Less than a minute after Rebecca gave her name to the maître d’, who smiled at her with obvious pleasure, the owner, Anthony DeCarlo, approached.
“Ah, Rebecca,” he said by way of greeting, taking her hand in both of his. “You stay away too long.”
“Anthony,” Rebecca responded quietly. “How are you?”
“I am fine. We are all fine.”
“Good.”
“Come. I have a nice little spot just for you.” He showed them to a secluded table that afforded a view of the sweeping lawns and luxurious gardens. He left them to ponder the eclectic selections artistically displayed on fine parchment menus, promising to send the sommelier immediately.
“Do you come here often?” Catherine asked, more than curious about the special service they were receiving. They had been seated without delay, despite several parties waiting ahead of them.
Rebecca shrugged uncomfortably. “Not for a long time. But whenever I do, Anthony insists on waiting on me himself.”

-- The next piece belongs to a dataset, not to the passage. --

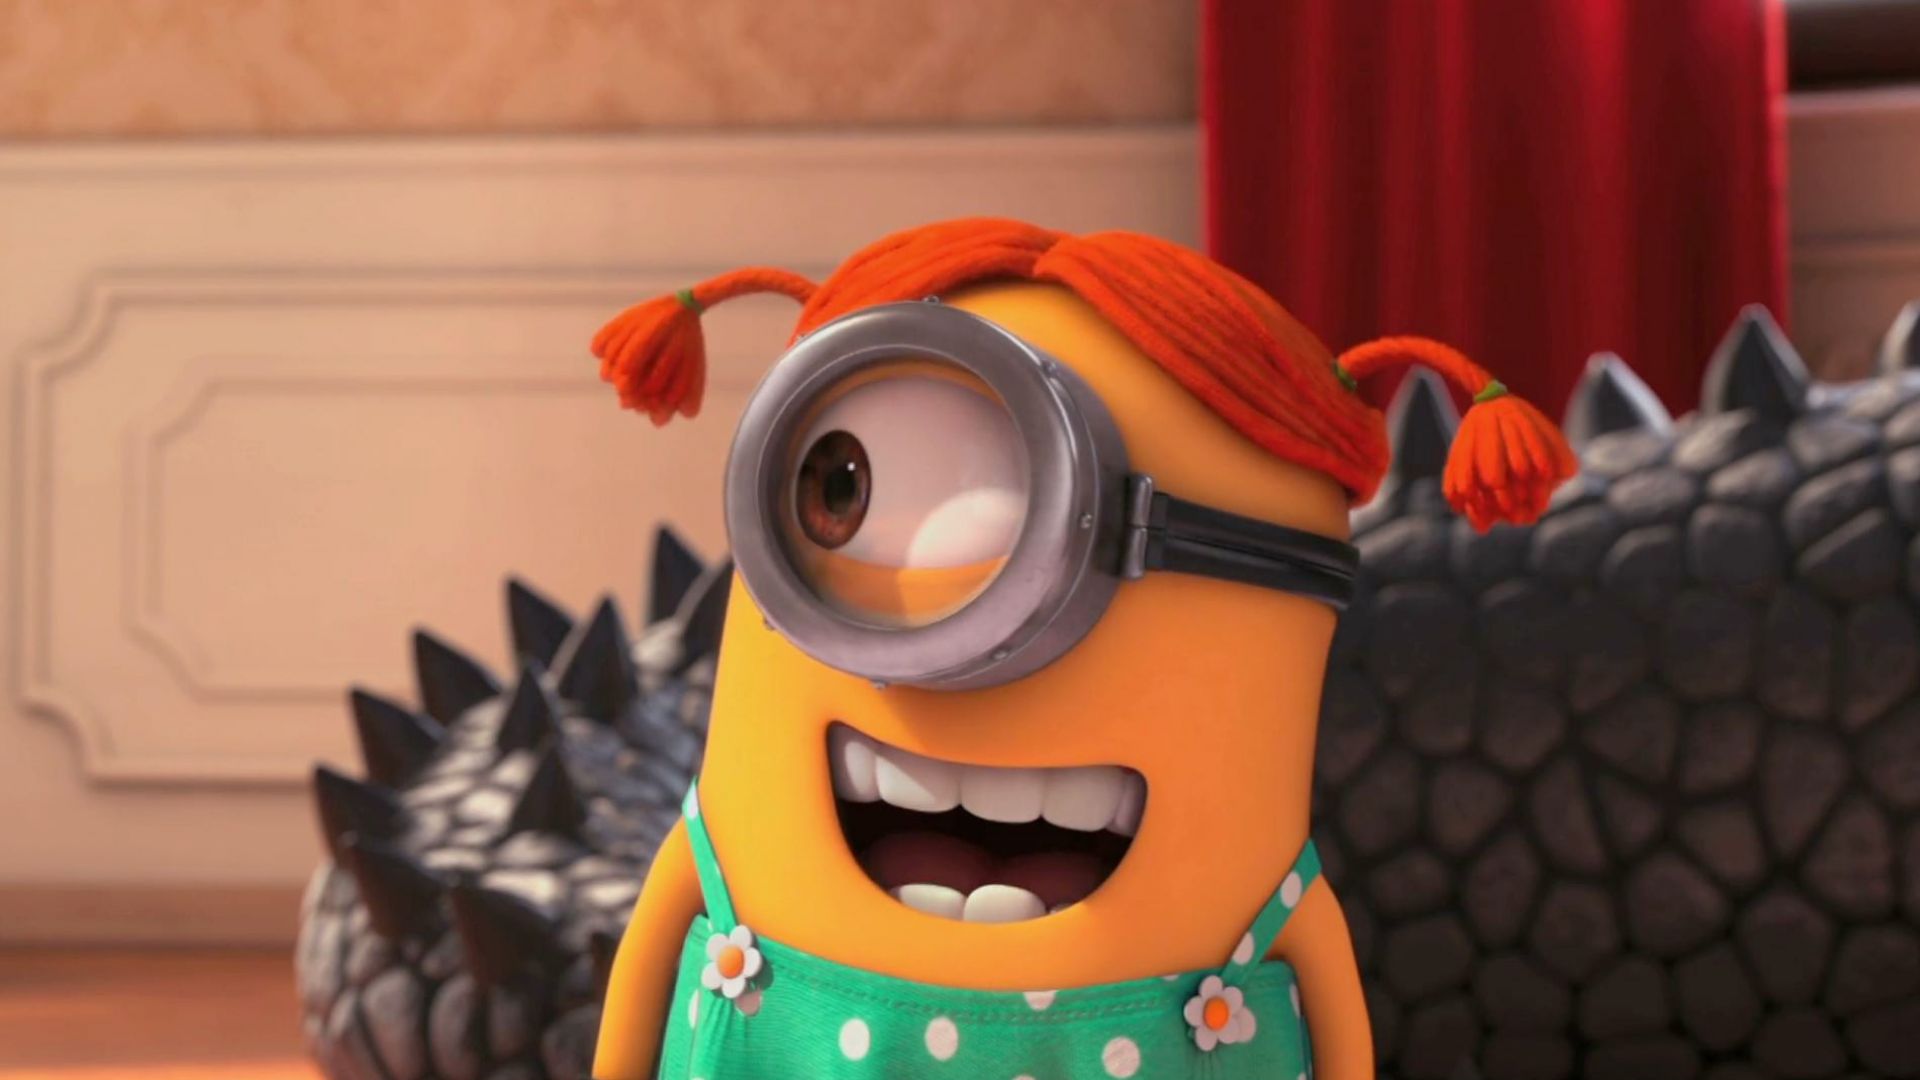 Minion dresses up as Pippi Longstocking in Despicable Me 2

She’s embarrassed, Catherine thought, intrigued. She waited, knowing there was more.
“His daughter disappeared a few years ago,” Rebecca continued in a low voice, remembering the run-down rooming house and the frightened teenage girls inside. When she looked at Catherine, she couldn’t quite disguise the pain of the memory. After so many girls in so many squalid squats, the sorrow had become a dark ache in her eyes. “She was fifteen years old, working on her back for a pimp who had promised her the excitement a girl her age longs for. What he gave her was a needle in the arm and a beating if she didn’t earn enough.”
She hesitated, wondering how to describe the rest. She didn’t know how to explain what she felt when she found Anthony’s youngest daughter strung out on smack and turning tricks for twenty dollars a pop—anger so intense that she forgot she was a cop. Her overwhelming need to stop the waste and the abuse blinded her to the consequences of what she was doing. She’d been on the verge of beating the young pimp with her bare hands and, if Jeff hadn’t interceded, she probably would have done serious damage. She was grateful now that Jeff had stopped her, but the rage still seethed, fueled by her daily witness of the devastation of lives and the destruction of dreams.